1.7 Issuance of Shares. As soon as reasonably practicable after
each exercise of this Warrant in accordance with Sections 1.1 and 1.2 hereof,
and in any event within ten (10) days of the Company's receipt of a duly
executed Subscription Notice, the Company at its expense (including the payment
by it of any applicable issue taxes) will cause to be issued in the name of and
delivered to the holder hereof, or as such holder (upon payment by such holder
of any applicable transfer taxes) may direct,
(a) a certificate or certificates for the number of duly
authorized, validly issued, fully paid and nonassessable shares of Common Stock
to which such holder shall be entitled upon such exercise, and
(b) in case such exercise is in part in accordance with
Section 1.2 only, a new Warrant or Warrants of like tenor, representing the
portion of Warrant Stock with respect to which this Warrant shall not then have
been exercised.
2. Certain Adjustments.
2.1 Mergers or Consolidations.
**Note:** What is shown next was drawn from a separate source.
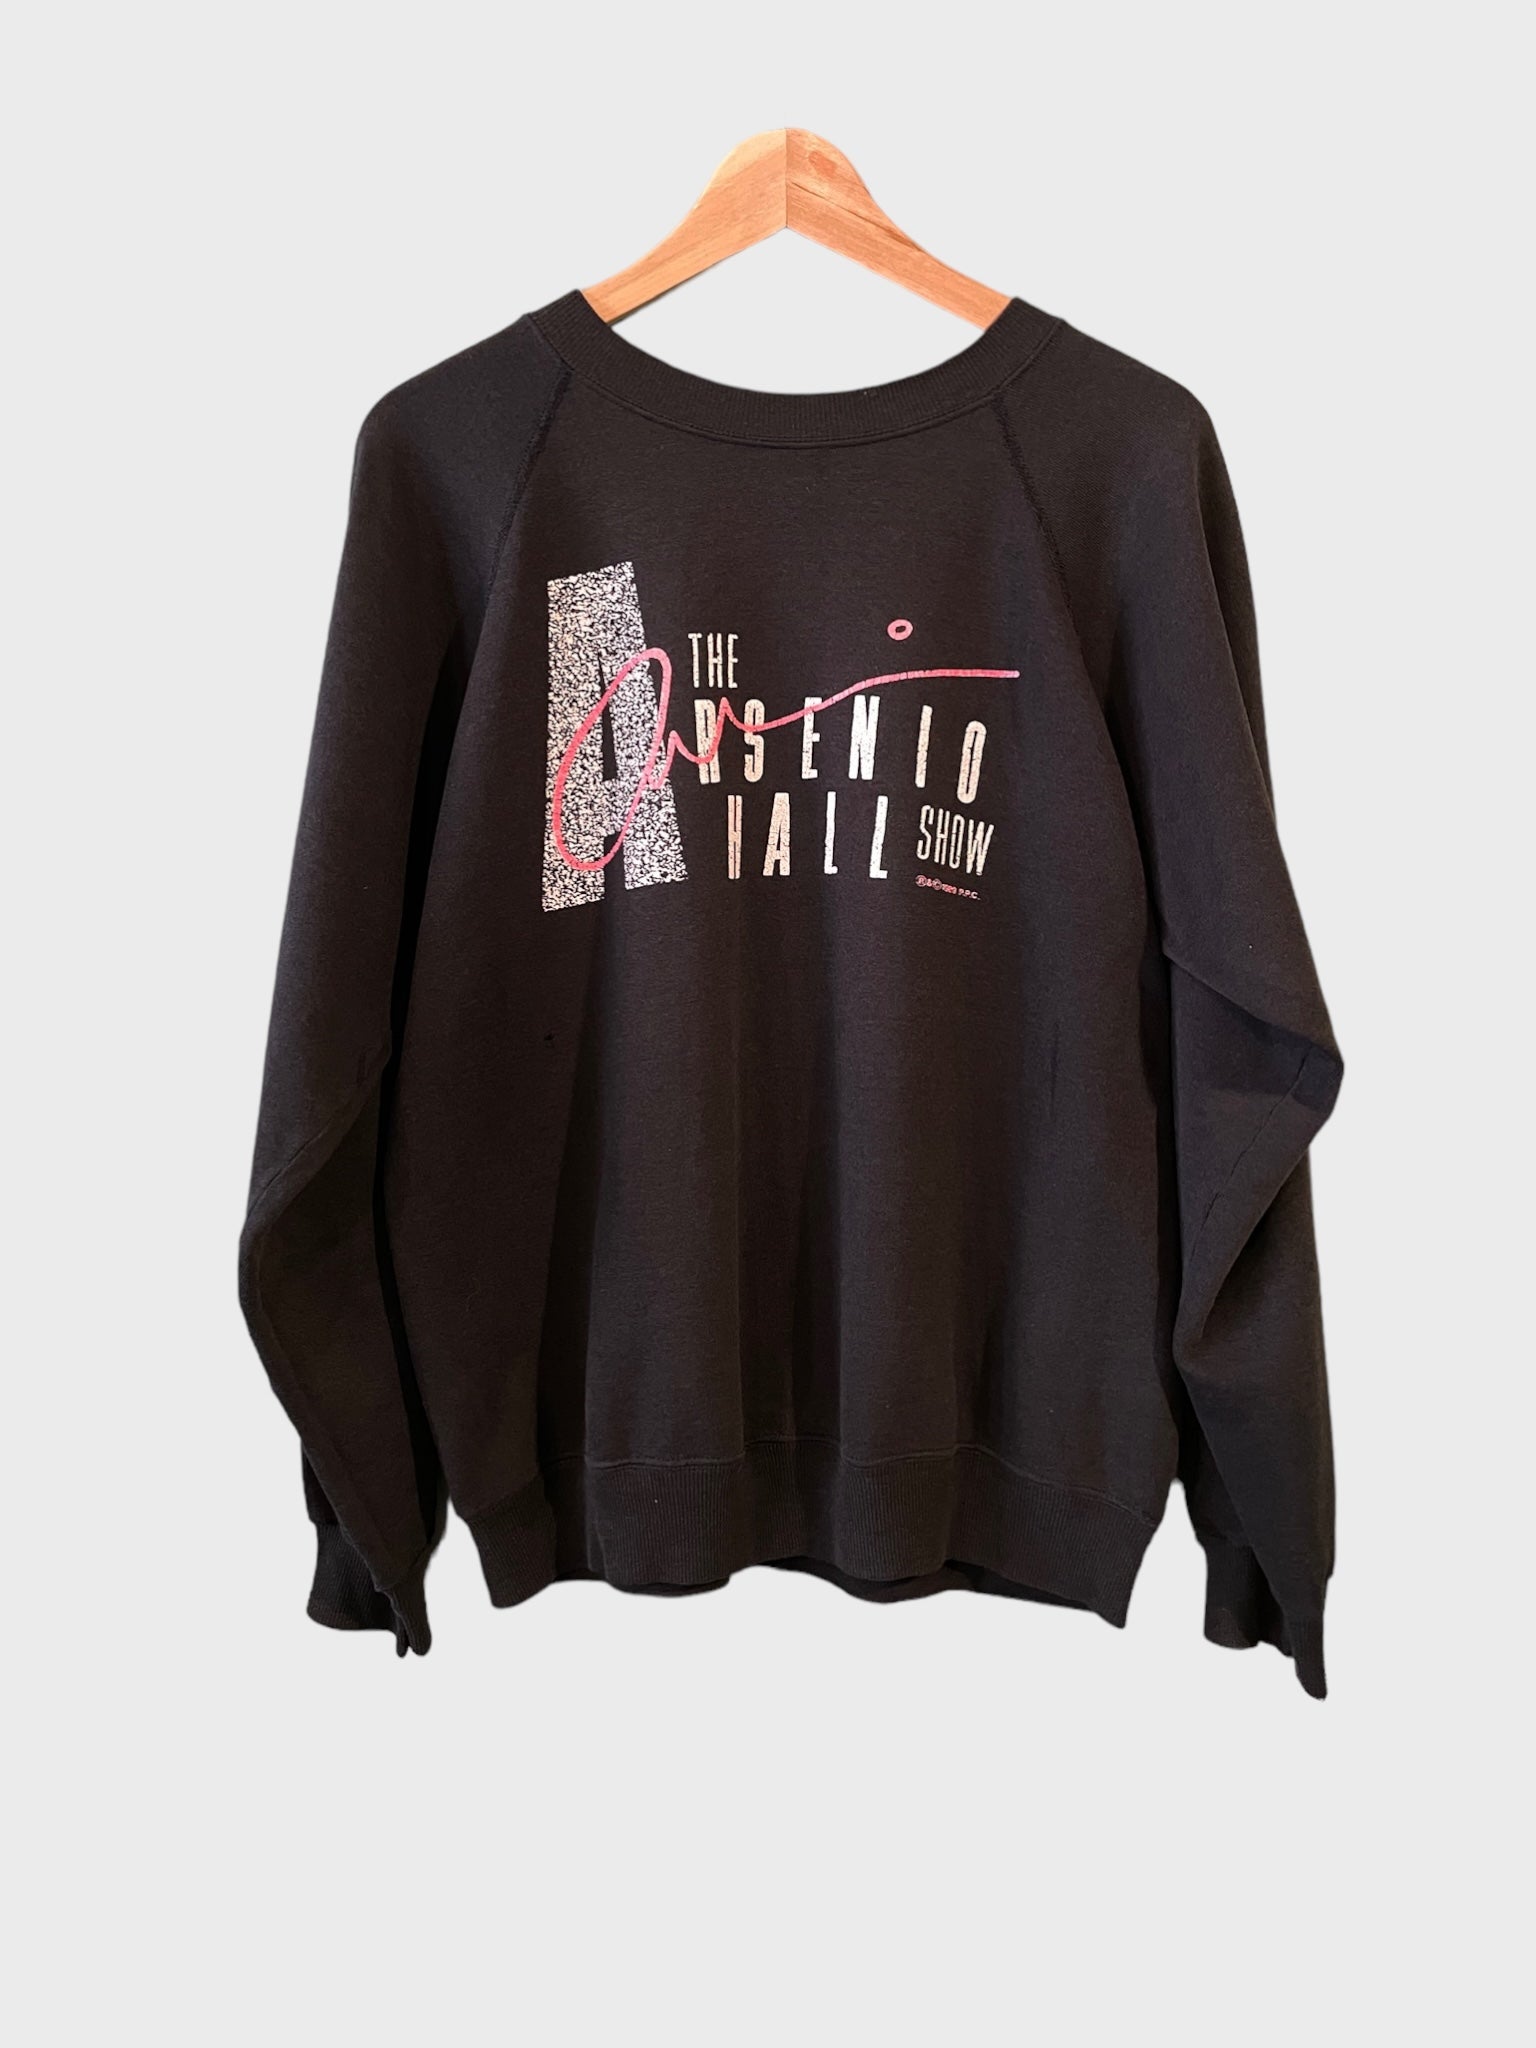 Vintage The Arsenio Hall Show Sweatshirt Rare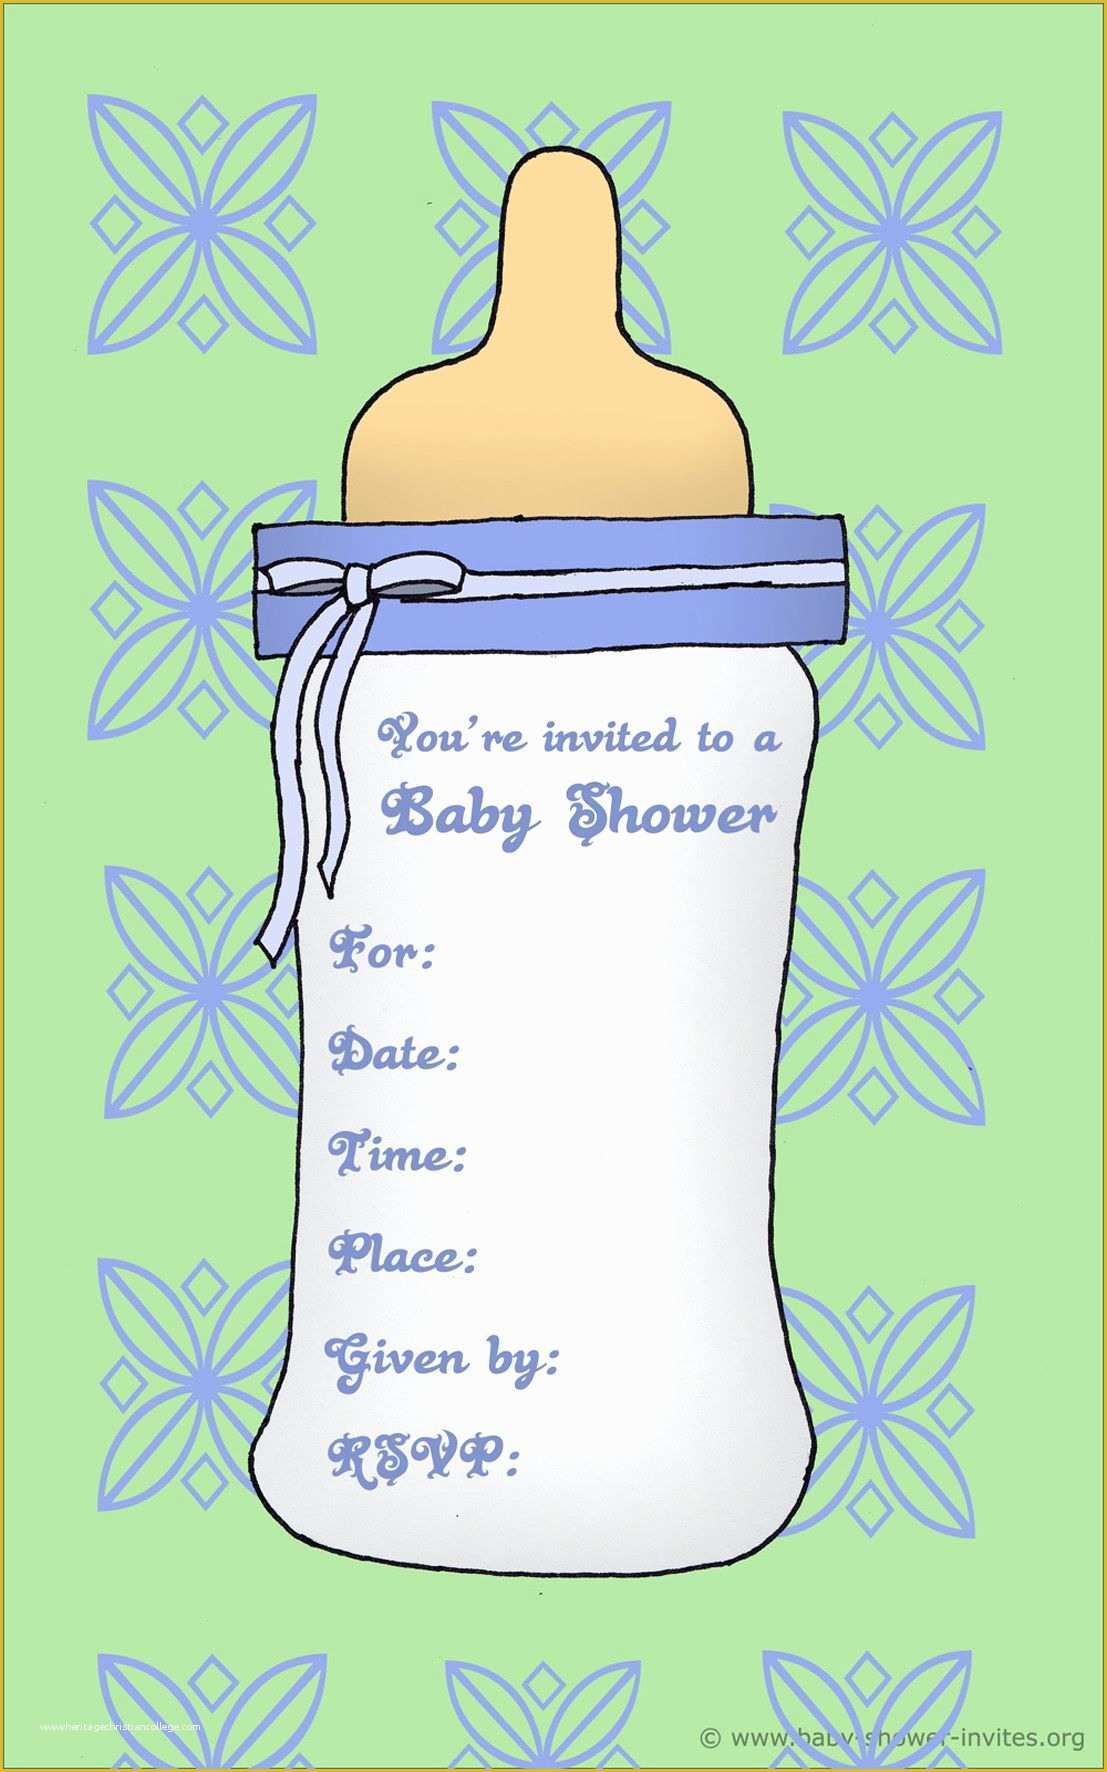 Free Baby Invitation Templates Of Free Baby Invitation Template Free Baby Shower

If at any time there shall be a
capital reorganization (other than a combination or subdivision of Warrant
Stock otherwise provided for herein), or a merger or consolidation of the
Company with another corporation other than an Acquisition, then, as a part of
such reorganization, merger or consolidation, lawful provision shall be made so
that the Investor shall thereafter be entitled to receive upon exercise of this
Warrant, during the period specified in this Warrant and upon payment of the
Warrant Price, the number of shares of stock or other securities or property of
the Company or the successor corporation resulting from such reorganization,
merger or consolidation, to which a holder of the Common Stock deliverable upon
exercise of this Warrant would have been entitled under the provisions of the
agreement in such reorganization, merger or consolidation if this Warrant had
been exercised immediately before that reorganization, merger or consolidation.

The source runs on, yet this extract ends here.